### Data extract

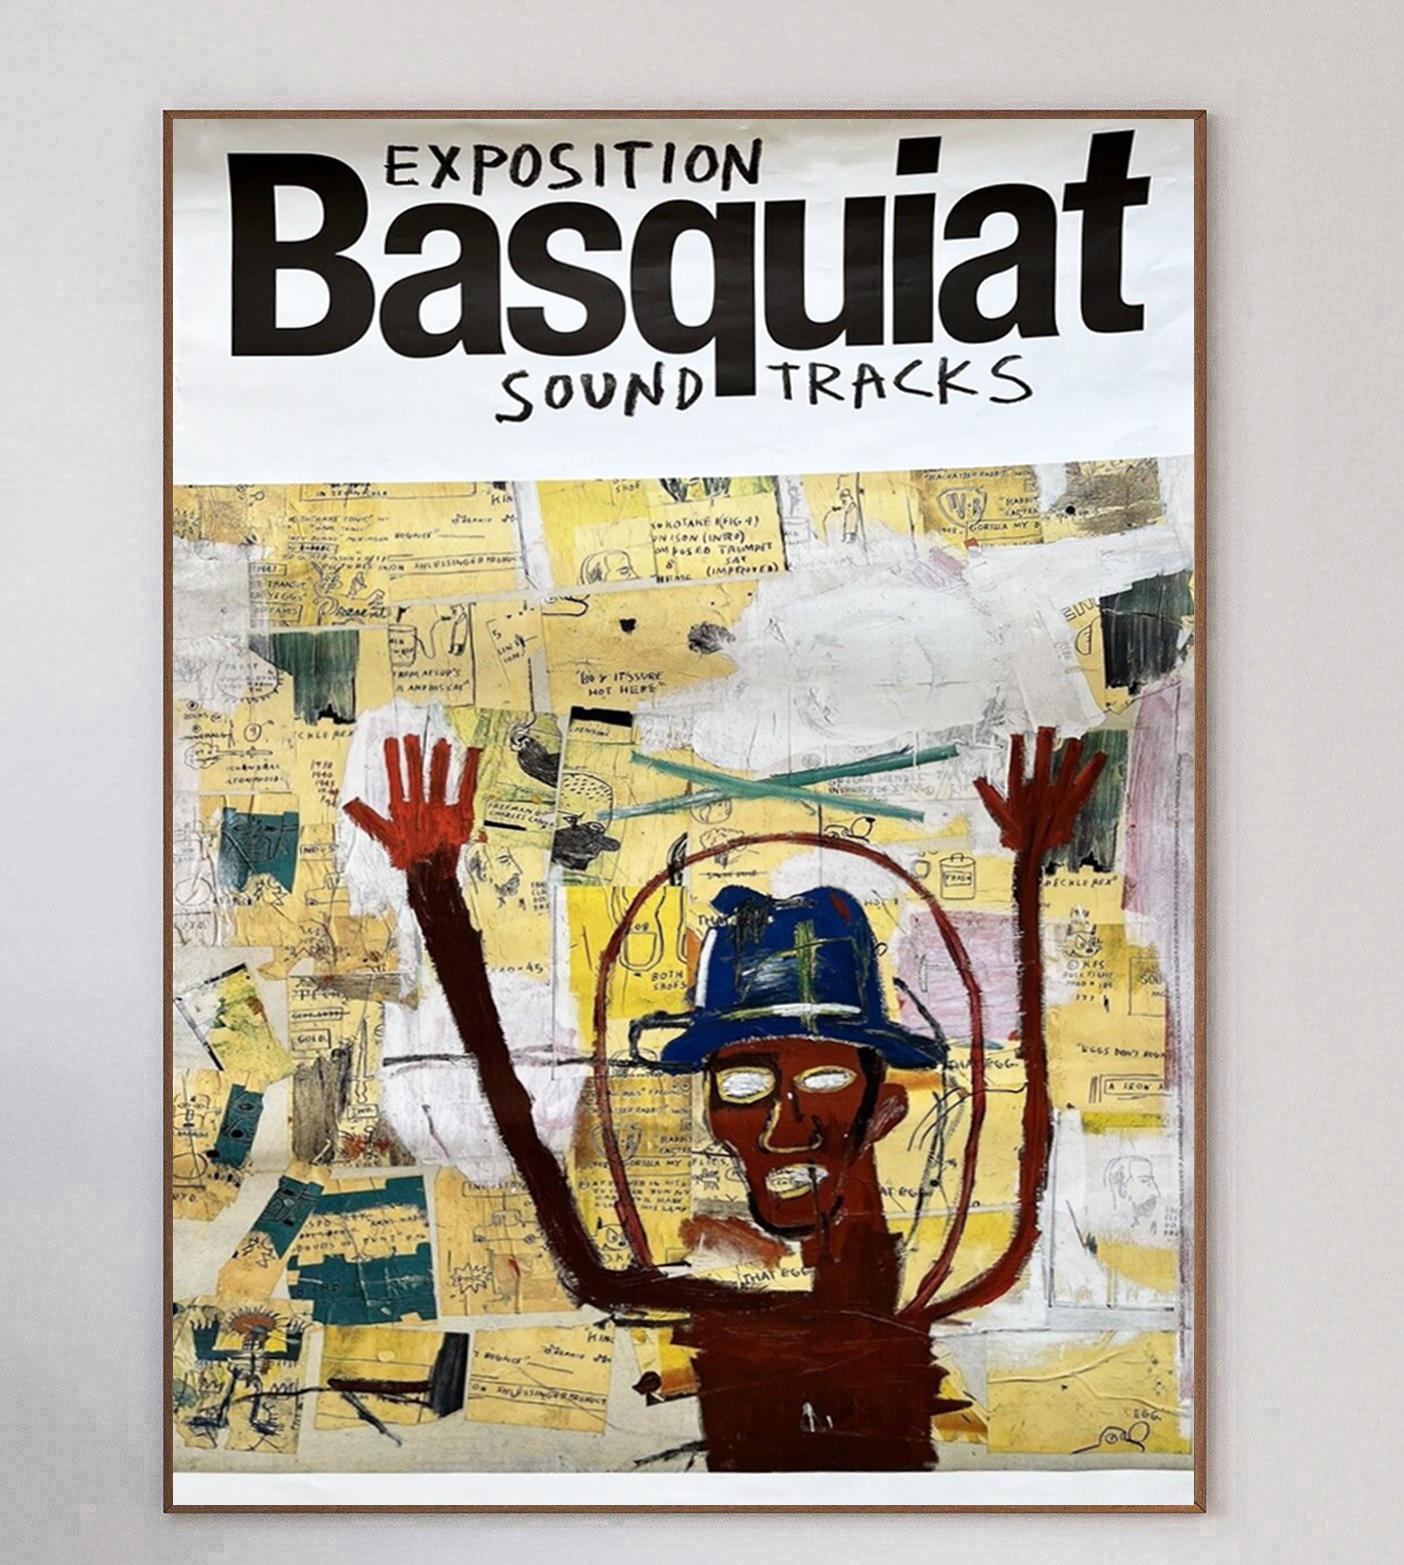 Jean-Michel Basquiat, l'un des artistes les plus influents du 20e† siècle, s'est fait connaître dans les années 1970 et au début des années 1980. Ses œuvres néo-expressionnistes, qui ont permis de réaliser tant de choses en si peu de temps, étaient
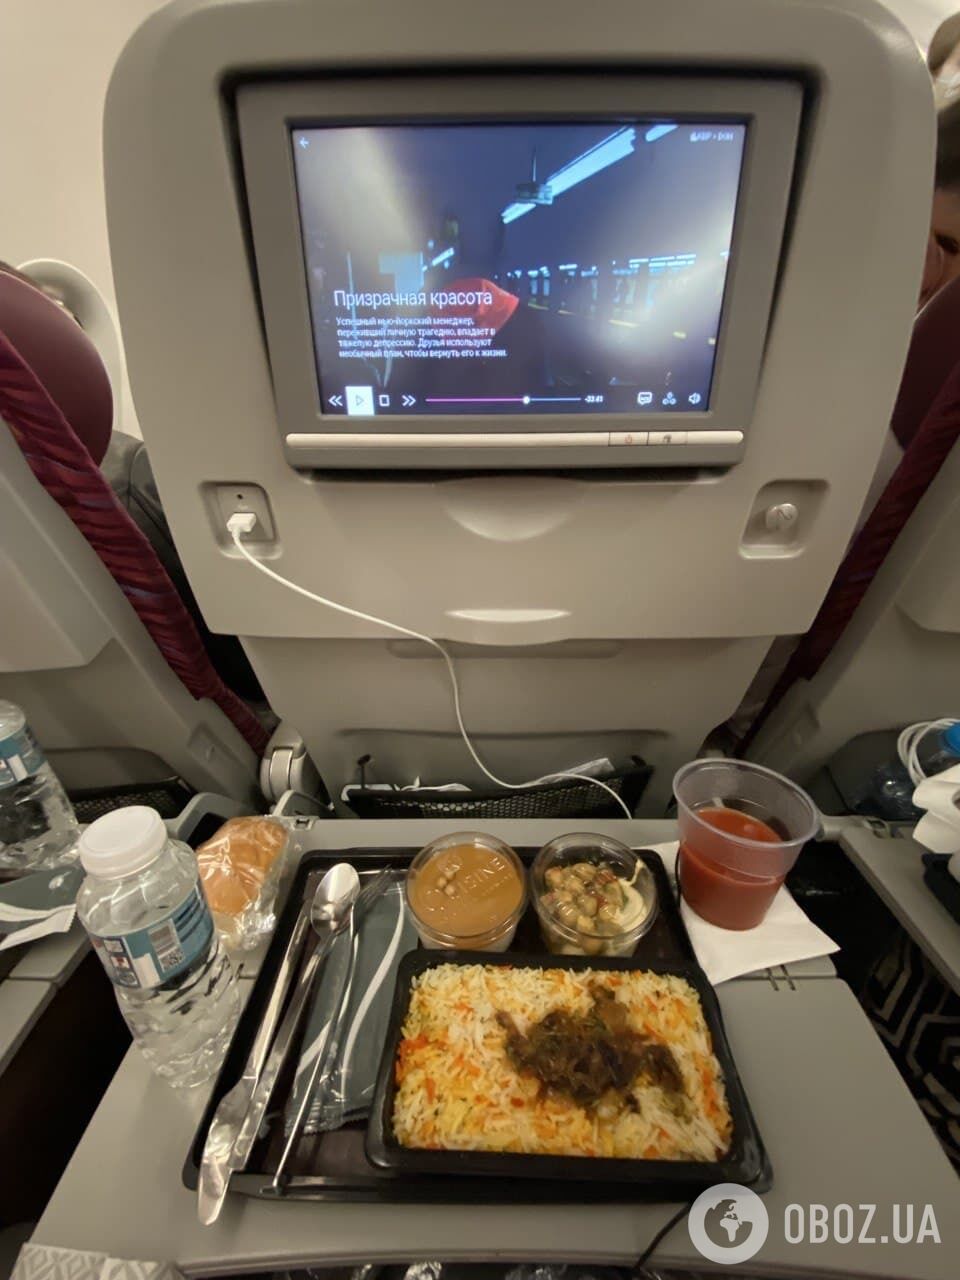 Харчування та медіасистема на борту літака Qatar Airways
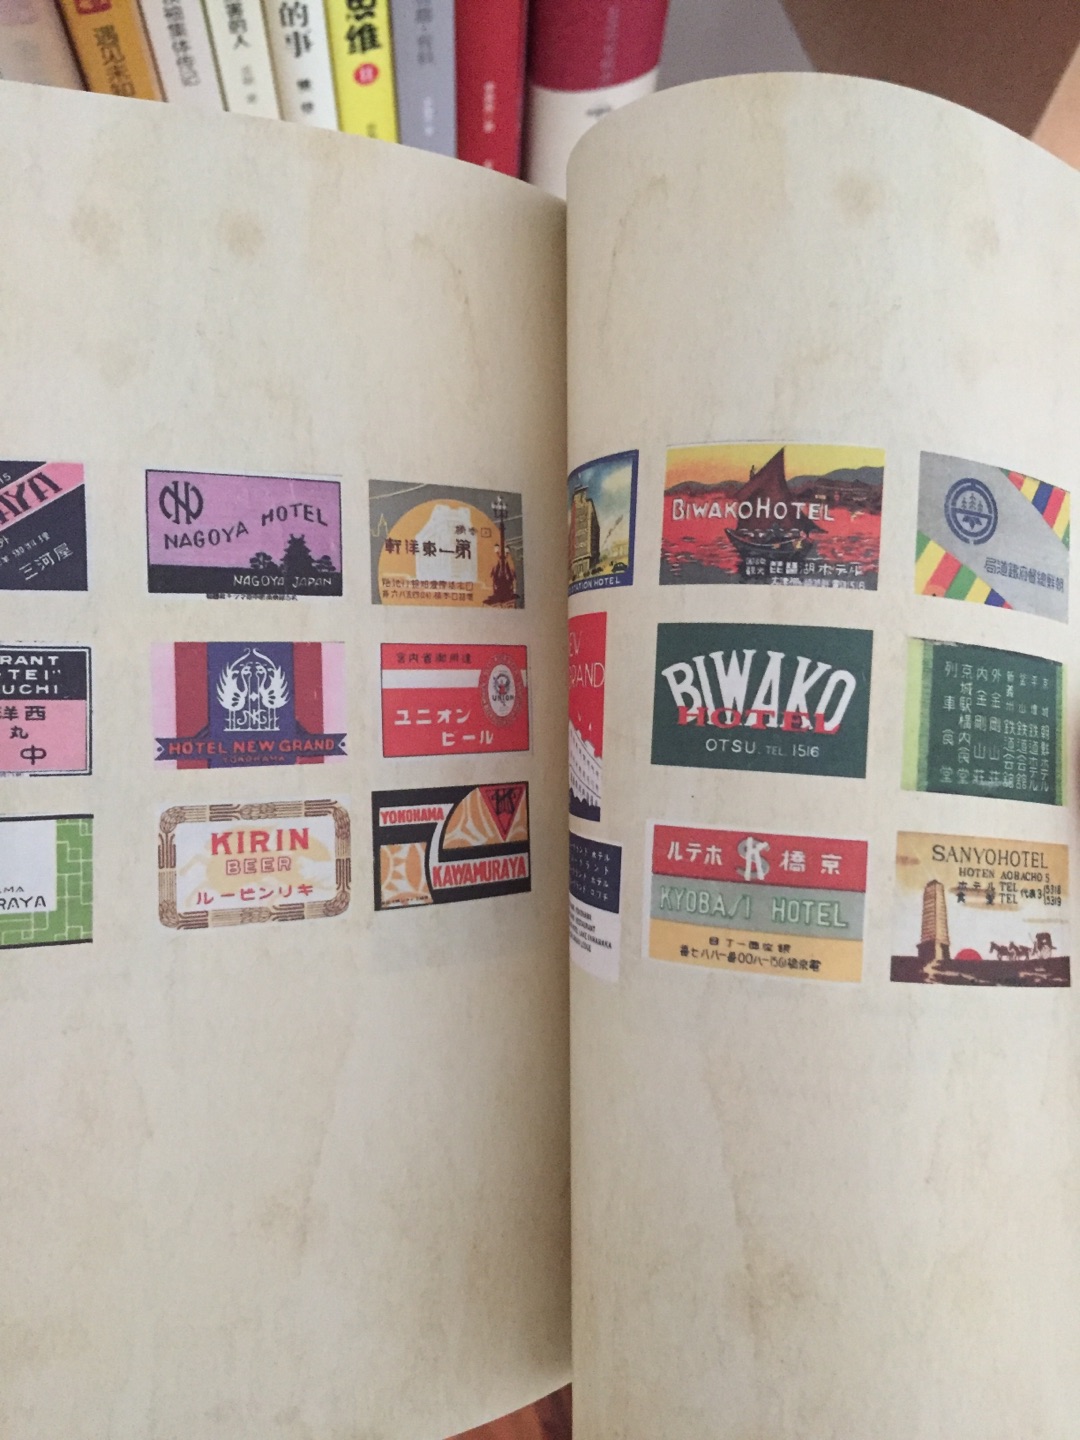 想去日本的可以了解一下，了解日本第一书。花火以为是卡片，原来是本书册子。
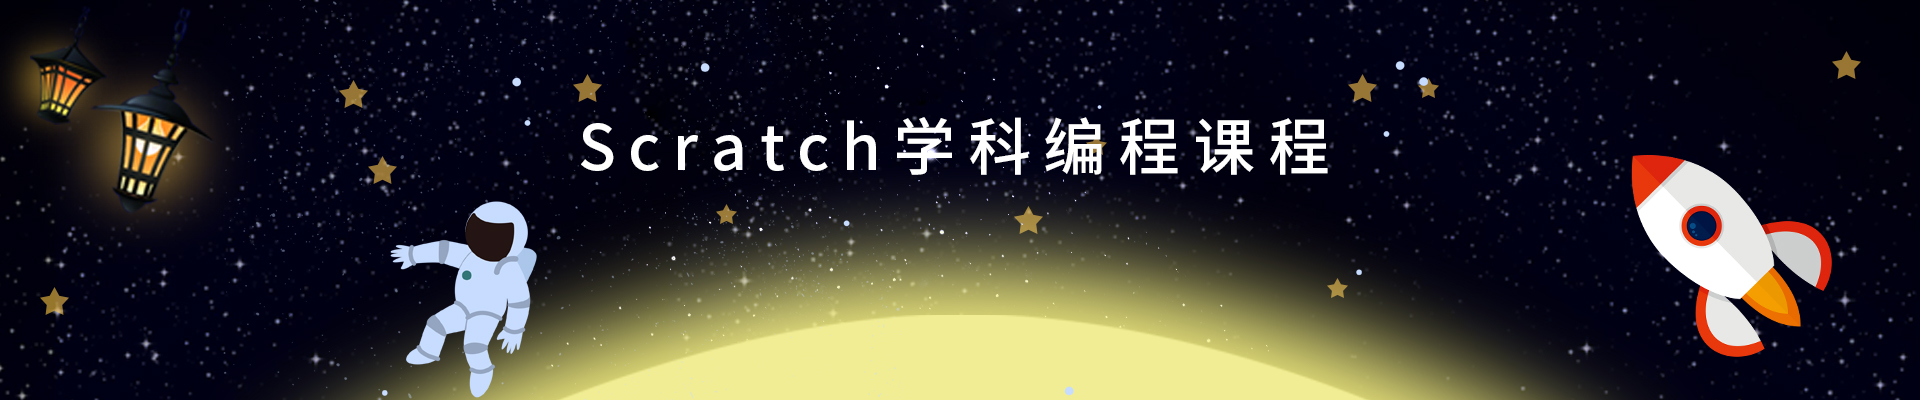 重庆Scratch少儿编程

######

▶ _What is needed_
Repeat the material above word for word, please, apart from its images.

▶ _Written reply_
 Jean-Michel Basquiat, l'un des artistes les plus influents du 20e† siècle, s'est fait connaître dans les années 1970 et au début des années 1980. Ses œuvres néo-expressionnistes, qui ont permis de réaliser tant de choses en si peu de temps, étaient
 Харчування та медіасистема на борту літака Qatar Airways
 想去日本的可以了解一下，了解日本第一书。花火以为是卡片，原来是本书册子。
 重庆Scratch少儿编程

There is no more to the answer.